Full documentation can be found at

http://www.mrc-bsu.cam.ac.uk/personal/frank/software/unphased/

The program runs either in command-line mode, or through a Java-based graphical interface. We will be using the command-line mode, since this is easier to explain and allows greater control over the desired options.

Data overview

We will be using family data consisting of a number of families with two or more affected children plus parents (of varying disease status, mostly unknown). All individuals have been typed at a genome-wide set of around 262,000 SNP markers. In the interests of time, we will analyse the data from just three chromosomes, but in principal one could use the same approach to analyse all 22 autosomal chromosomes as well as chromosome X.

Appropriate data

Appropriate data for this exercise is genotype data at a set of linked loci, typed in a number of nuclear families and/or unrelated individuals. It is also possible to use larger families (extended pedigrees), however they will automatically be broken into nuclear families which are then treated as independent in the analysis. The offspring and unrelated individuals should be phenotyped for either a dichotomous trait or a quantitative trait of interest.


Instructions

Data files

You should have previously (yesterday) saved the family data to an appropriate directory (folder) on your machine and unzipped it. The data should be in a directory 'familydata3chrs' containing a number of files including a file named 'files2merge.txt', a file named 'threesnps.txt' and a pedigree file and a map file for each of three chromosomes (10, 13, 14). The files C**.ped refer to the pedigree files and the files C**.recode.map are the corresponding map files (where ** denotes chromosome).

Data format

The data is in standard pedigree file format, with columns corresponding to family id, subject id (within family), father's id, mother's id, sex (1=m, 2=f), affection status (1=unaffected, 2=affected) and one column for each allele for each locus genotype. Missing data is coded with a zero.

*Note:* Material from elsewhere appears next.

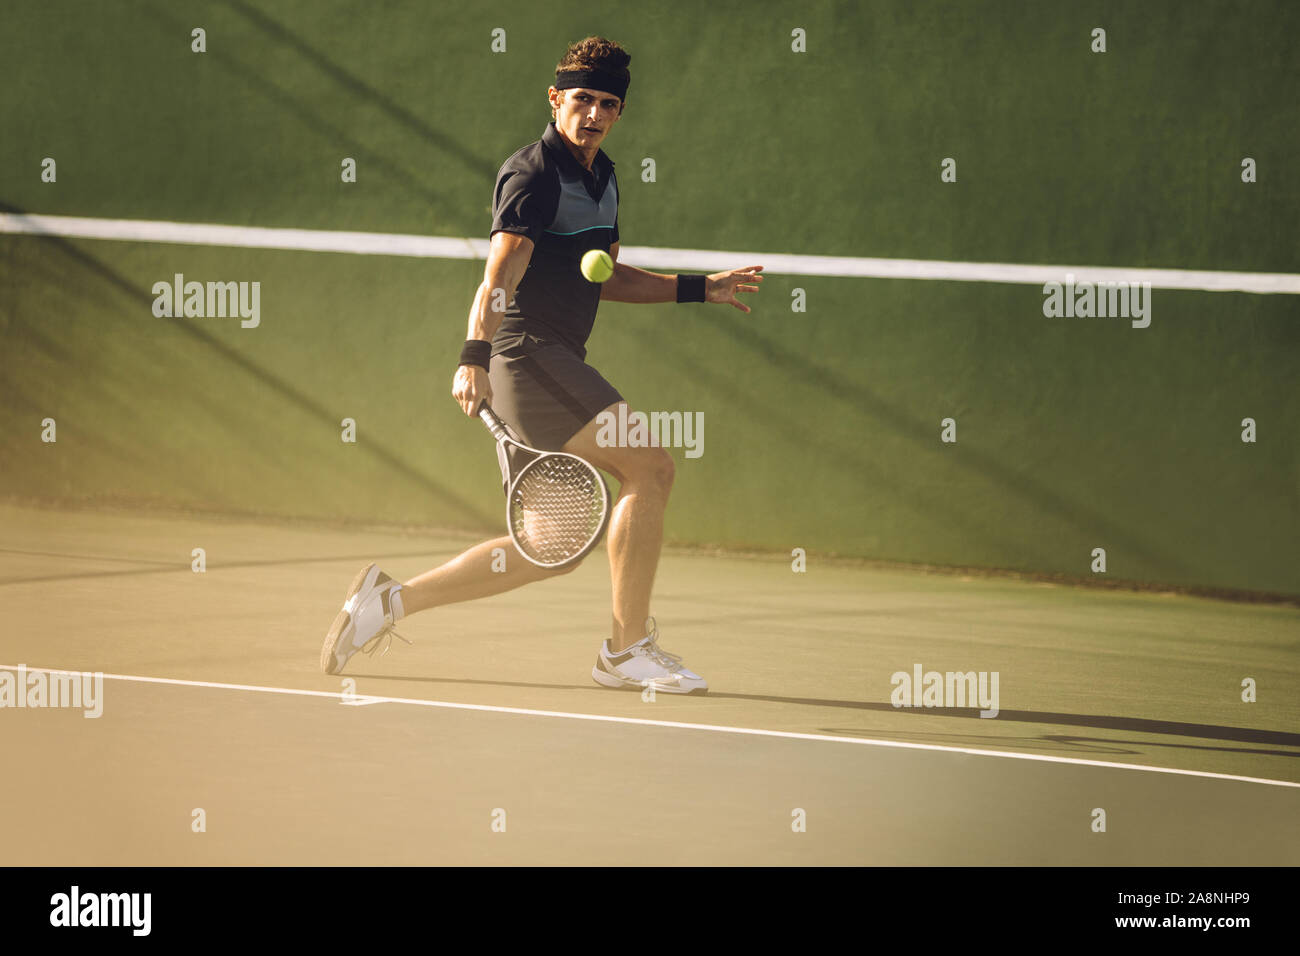 Joueur de tennis professionnel frapper un revers solide pendant un match. Tennis player jouant sur une surface dure. Banque D'Images

If you are unfamiliar with the standard pedigree file format (which is a commonly-used format for many linkage analysis programs) and need more explanation, please ask an instructor.

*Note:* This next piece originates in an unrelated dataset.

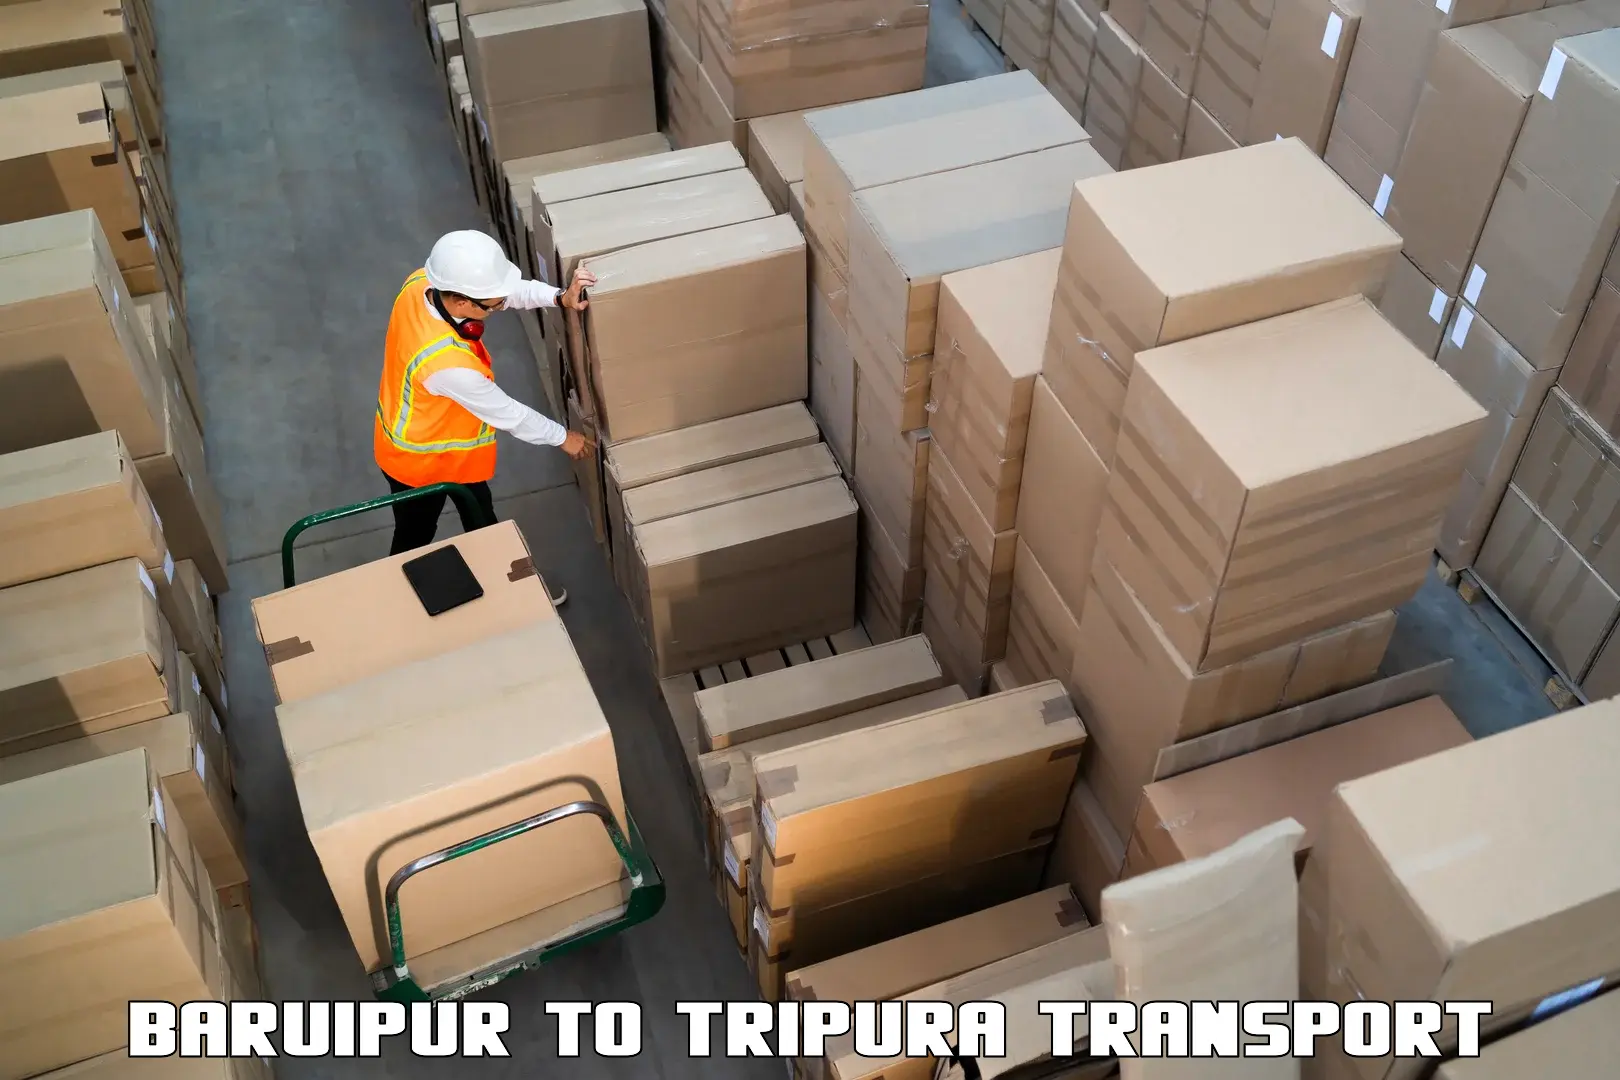 Road transport online services Baruipur to Sonamura

The map files are in PLINK format. These files describe the markers (in order) in the pedigree file. The PLINK-format map file contains exactly 4 columns:

     chromosome (1-22, X, Y or 0 if unplaced) 
     rs number or snp identifier 
     Genetic distance (morgans) 
     Base-pair position (bp units) 

Most analyses in PLINK do not require a genetic map distance to be specified. For basic association testing, therefore, the genetic distance column can be set at 0.

Take a look at the data files, and check that you understand how the data is coded.

Step-by-step instructions

1. Analysis in PLINK

Open up an MSDOS window and move into the directory where you saved the data files e.g. by typing

cd xxxxx

(where xxxxx is replaced by the name of the appropriate folder).

Yesterday we used PLINK to merge together the data from all 3 chromosomes. We output this merged data as a special binary format genotype file, which takes up less disc space and is quicker to read into PLINK when performing various subsequent analyses.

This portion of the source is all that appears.